Обзор «Земмельвайса»: медицинский прорыв с тупыми инструментами в официальном венгерском отборе на «Оскар»
Миклош Х. Вечеи играет практичного венгерского акушера, который боролся за чистоту в родильных отделениях, в душевной и эффективной драме Лайоша Колтая.
Крик, пронзающий начало «Земмельвейса», задает тон драме 19 века от Лайоша Колтая о венгерском акушере-новаторе Игнаце Земмельвейсе, который сразу же проявляет свою обеспокоенность по поводу очень беременной молодой женщины, отчаянно бродящей по улицам в поисках подходящего места для родов. Не желая регистрироваться в местных клиниках, которые приобрели репутацию пациентов, загадочно умирающих в послеродовом отделении, ее пошатнувшаяся вера в систему здравоохранения задает отчетливо современный акцент для прочной, старомодной венской исторической картины, выбранной в качестве официального венгерского номинанта на «Оскар» после того, как она стала местным кассовым хитом.
Даже не глядя на фотографию настоящего лысеющего и носящего очки доктора Земмельвейса, сразу становится ясно, что Колтай хочет донести что-то больше похожее на попкорн, чем на лекарство, когда он дает возможность кинозвезде войти лихому Миклошу Х. Вечеи, играющему главную роль в фильме. И без того блестящая густая грива черных волос пропитана потом, что добавляет еще больше блеска доктору, чьи пронзительные голубые глаза прорезают всю красноту, которая их окружает от работы в ночные смены. Как показано здесь, в Земмельвейсе нет ничего сложного; у него нет времени ни на что, кроме медицины, и ему крайне не хватает светских манер. Тем не менее, он становится привлекательным главным героем в роли целеустремленного, орудующего скальпелем мошенника, который неустанно ищет ответы на вспышку родильной горячки — бактериальной инфекции, которая может возникнуть в родовых путях после рождения ребенка.

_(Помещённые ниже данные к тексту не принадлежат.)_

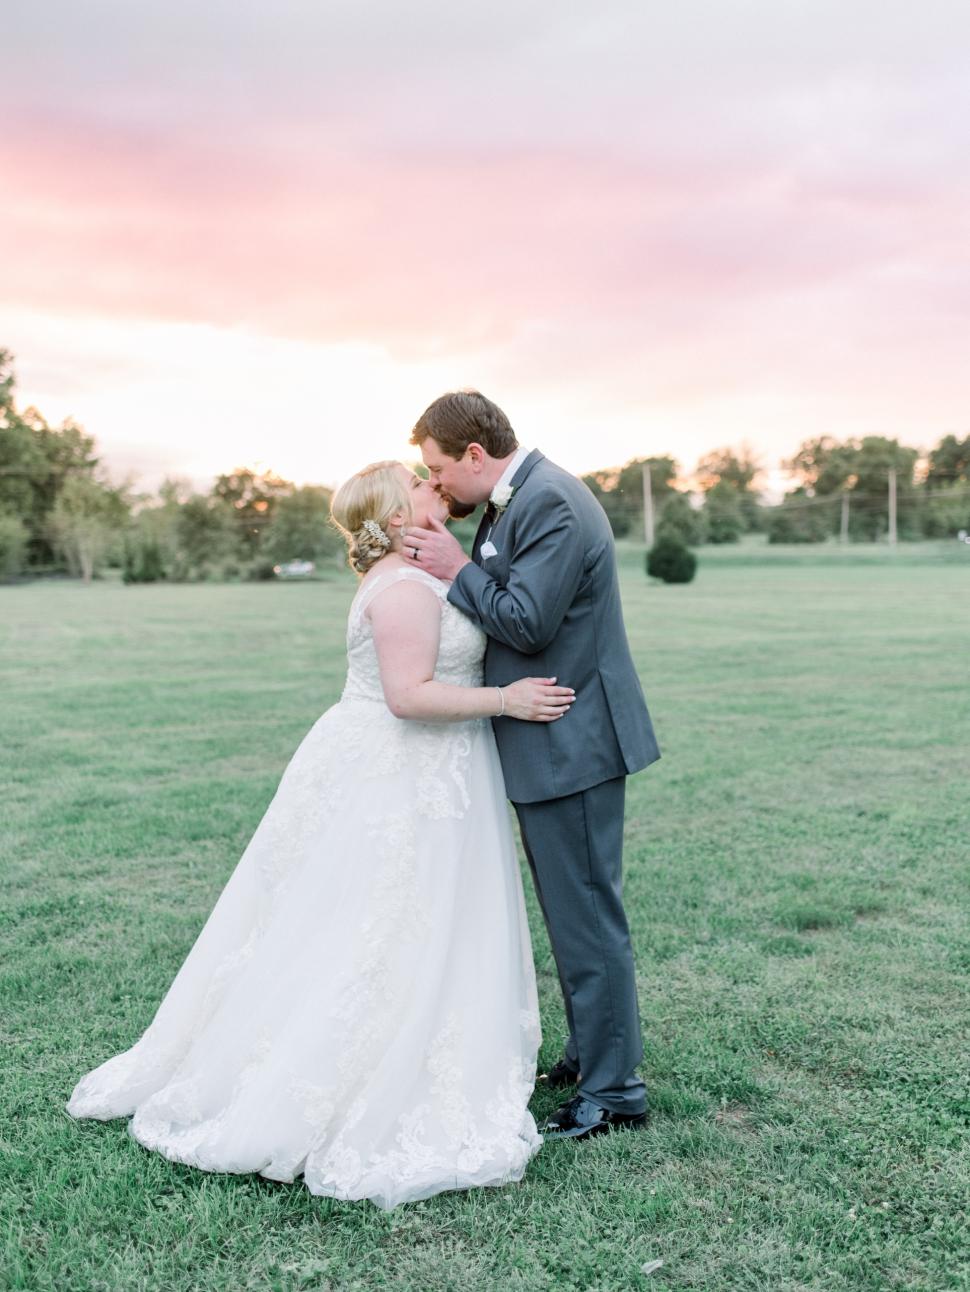 Pennsylvania-Wedding-Photographer-Cassi-Claire-Rosebank-Winery-Wedding_22.jpg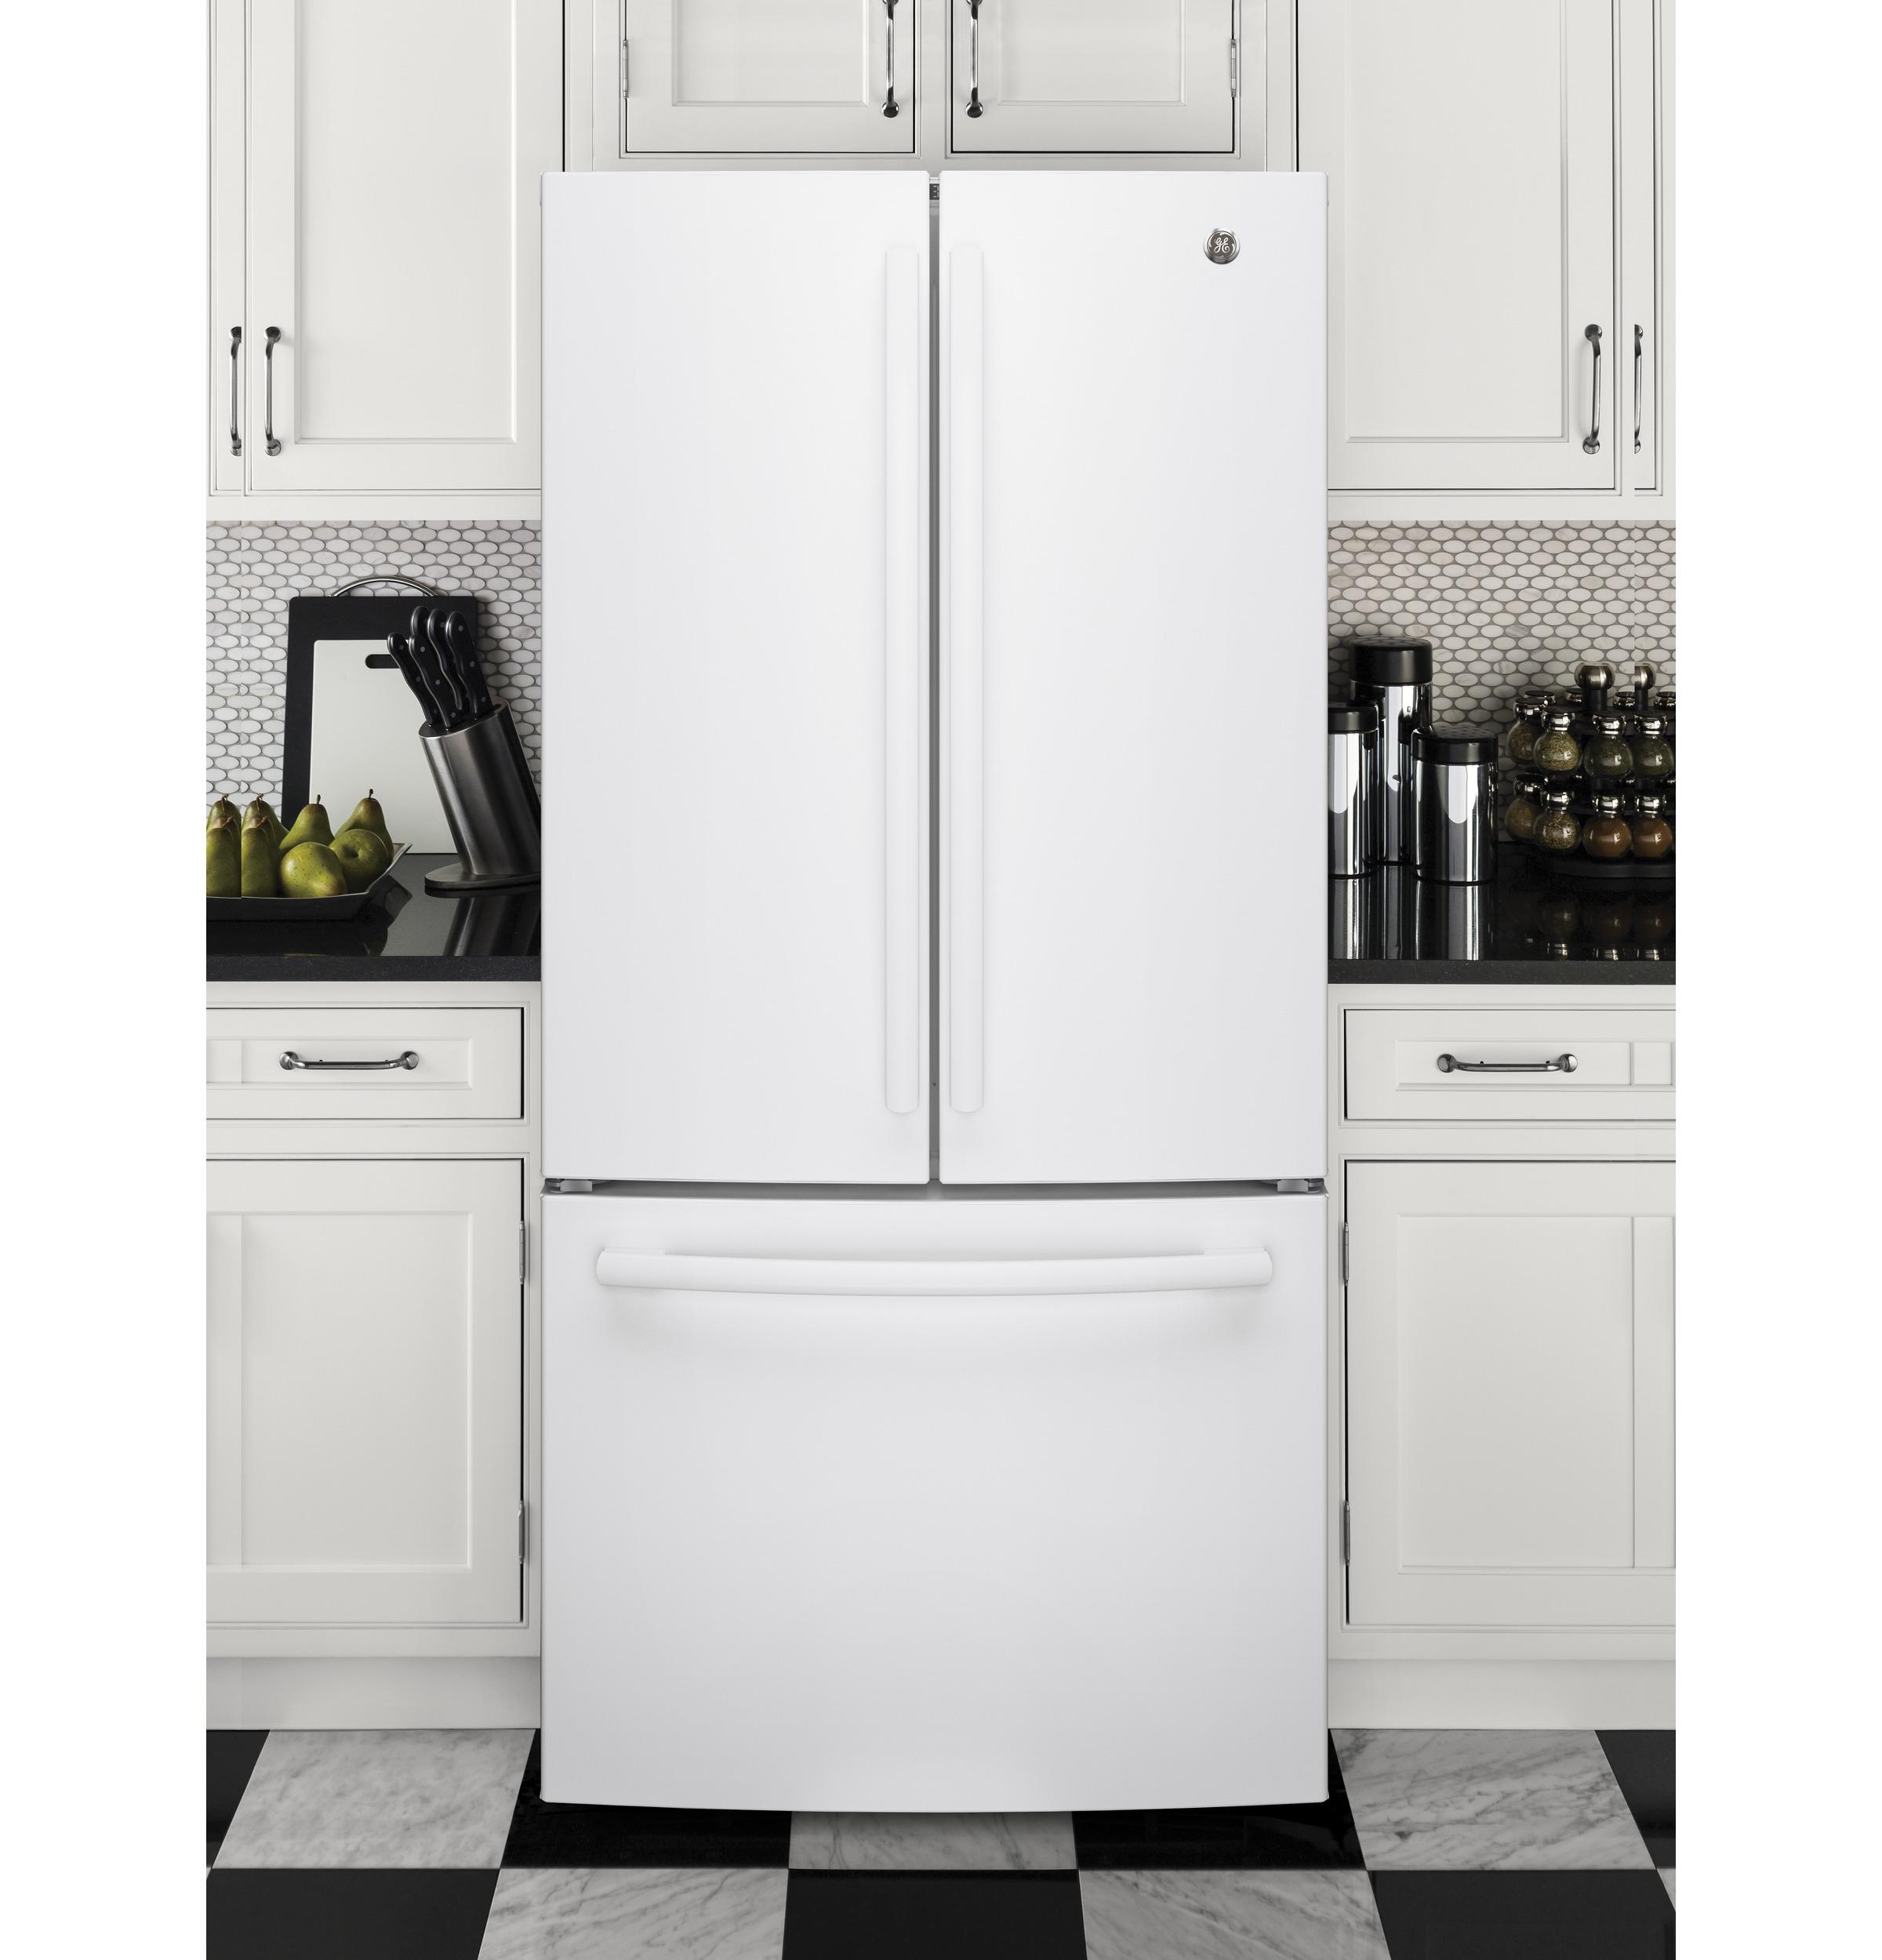 Model: GNE25JGKWW   GE GE® ENERGY STAR® 24.7 Cu. Ft. French-Door Refrigerator

За десять лет до того, как Луи Пастер смог определить, что такое бактерии, перед Земмельвайсом стояла сложная задача, которую усложняло начальство, сопротивлявшееся любому пересмотру их практики, опасаясь, что они могут оказаться неправы, а не поступать правильно своими пациентами. Начинается мощная битва с бюрократией, когда врач проводит вскрытие самой системы (вместе с большим количеством настоящих трупов), идя против воли администратора больницы, защищающего престиж, профессора Кляйна (Ласло Галффи). Сомнительное решение Кляйна распространяется на найм Эммы Хоффман (Катика Надь), акушерки, уволенной из местного конкурента больницы на фоне слухов о том, что у нее был роман с ее директором. Когда они соглашаются работать друг с другом из-за своих скомпрометированных должностей, Кляйн назначает Хоффмана работать под началом Земмельвайса с условием отчитываться о его действиях.
Когда доктор начинает подозревать, что виноваты санитарные условия в больнице, «Земмельвайс» рискует стать слишком прямолинейным в своем прямолинейном сюжете. Экстренная трахеотомия жены известного политика на гламурном балу дает Доктору некоторую немедленную профессиональную защиту, хотя последствия так сильно предполагаются создателями фильма, что фильм внезапно и загадочно оставляет инцидент позади — только чтобы снова поднять его, чтобы оправдать более позднее развитие событий. А когда Эмме, историческому вымыслу фильма, приходится лечить рану голого по пояс Земмельвайса, кажется не столько страстным, сколько обязательным вводить романтическую сюжетную линию в историю, которая и так достаточно интригует.
Однако Колтай, давний оператор Иштвана Сабо, который в последний раз снял достойную звездную экранизацию «Вечера» Майкла Каннингема в 2007 году, явно знает, как поднять иногда мыльную театральность до уровня захватывающего фильма. Вместе со сценаристом Балажем Маруцки он проницательно заимствует из других жанров, чтобы перенести драму, происходящую в медицинском мире, в неожиданные места. «Земмельвайс» начинает вторгаться на территорию шпионского триллера, когда Эмма сталкивается с дилеммой, с которой столкнулся бы любой шпион, когда ее зарождающийся роман с доктором превращает ее в своего рода двойного агента. Позже, наличие старой операционной позволяет добиться удовлетворительной кульминации в зале суда в старом стиле, когда Земмельвайс предстает перед медицинской комиссией за свои действия перед полной толпой.
Может быть, есть некоторая ирония в том, что Земмельвайс выступает против самоуспокоенности, поскольку то, что проверено и верно в повествовании, все еще оказывается эффективным в самом фильме. С другой стороны, хотя история остается слишком узко сфокусированной на поставщиках медицинских услуг, которые ставят на первое место то, что лучше для них самих, а не то, что лучше для пациентов, это чувство, что кто-то заботится, имеет решающее значение.